What did he learn from previous acquisitions that helped him when it came to his own sale?

The maturity balance:

One of Jamison’s key drivers in his plan came from the operational maturity level (OML – created by Paul Dippell) of an Managed IT Services business.  Jamison realized from this method that he should strive to bring on clients with the same, or within one level, of operational maturity as his own. The OML is on a scale of 1 – 5 and it had a variety of factors based on Key Performance Indicators and EBITDA requirements.

The OML model help vet out his potential clients, how much work they will be, and how much profit he could expect.  It allowed Jamison to understand and size up the potential companies he wanted to buy AND what potential buyers he thought would be a great strategic fit to sell to. The risk of a bad deal was significantly mitigated based on the method of analyzing customers and competitors.

Why did he sell:

He hired and acquired an excellent COO, along with a high caliber management team, after his third acquisition.  After his COO and he sat down and went into some deep budgeting exercises, they recognized they had a leadership team and company structure that cost too much and needed to be restructured.

Once that problem was solved, the  business was in a much better place and Jamison knew the company numbers were in the range of what he originally planned for a potential sale. Not to mention, after years and years of working his tail off Jamison wanted more freedom to pioneer new concepts in the marketplace, not to mention to hedge his bets by taking some chips off the table to safeguard his and his family’s future.

What’s it like being an employee for a buyer?

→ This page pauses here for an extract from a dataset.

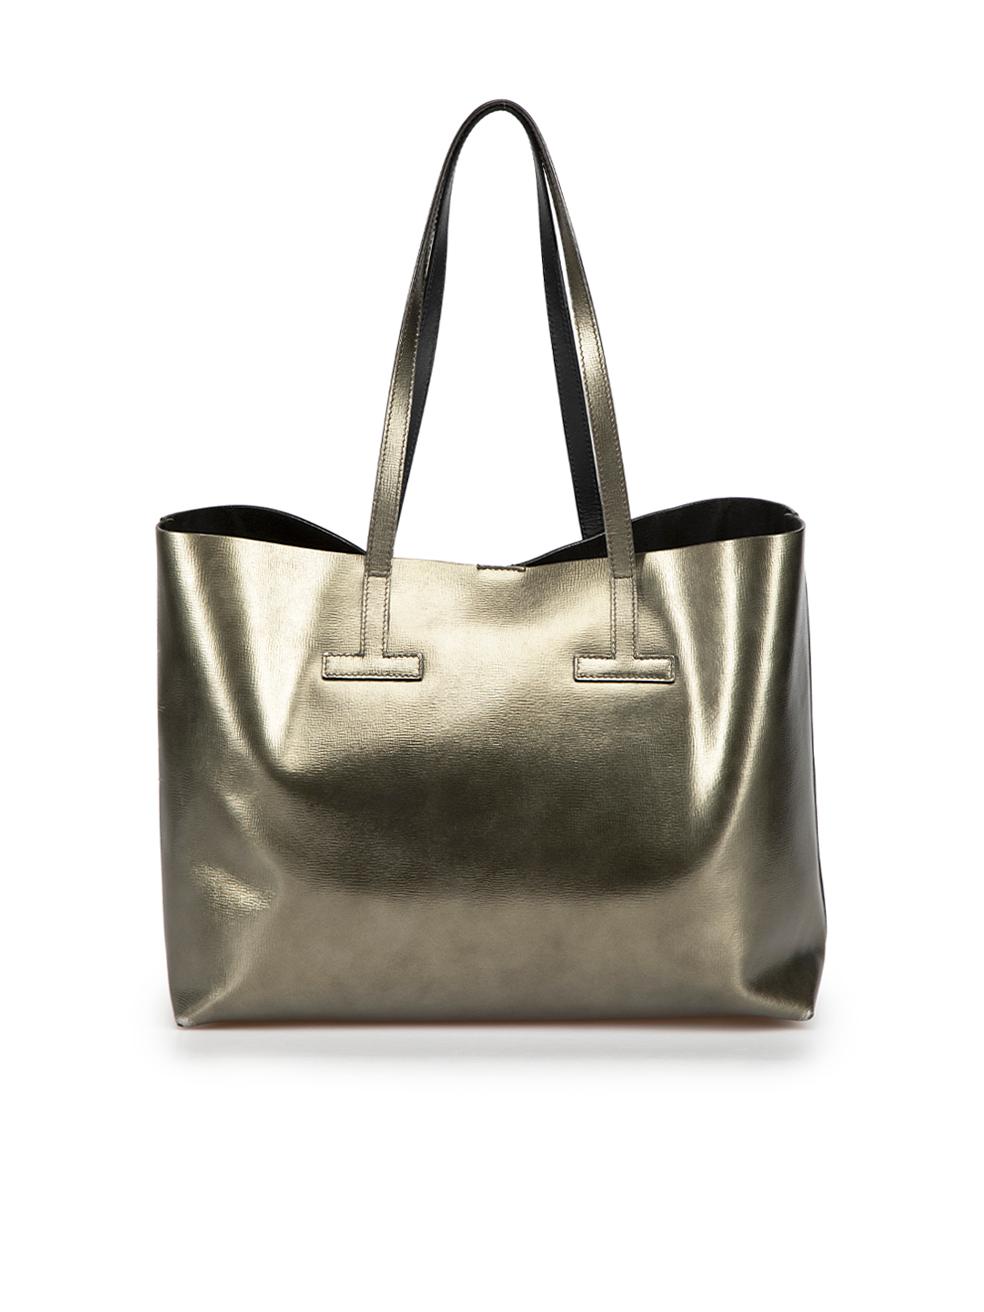 Gray Tom Ford Metallic Leather Saffiano T Tote Bag For Sale

He has lasted a year at the new company.  In industry terms, they were on the top of the OML range with over 100 employees and lots of systems and processes… which is great for a company like that to make money and continue to grow!  However, for Jamison, who is a creative and ambitious entrepreneur, it was difficult to be constrained by the systems of a mature company.

What’s he doing now?

Jamison has many different opportunities that are knocking on his door, from startup, to CEO of other multiple companies.  He is in the middle of figuring out what his journey looks like in his second half!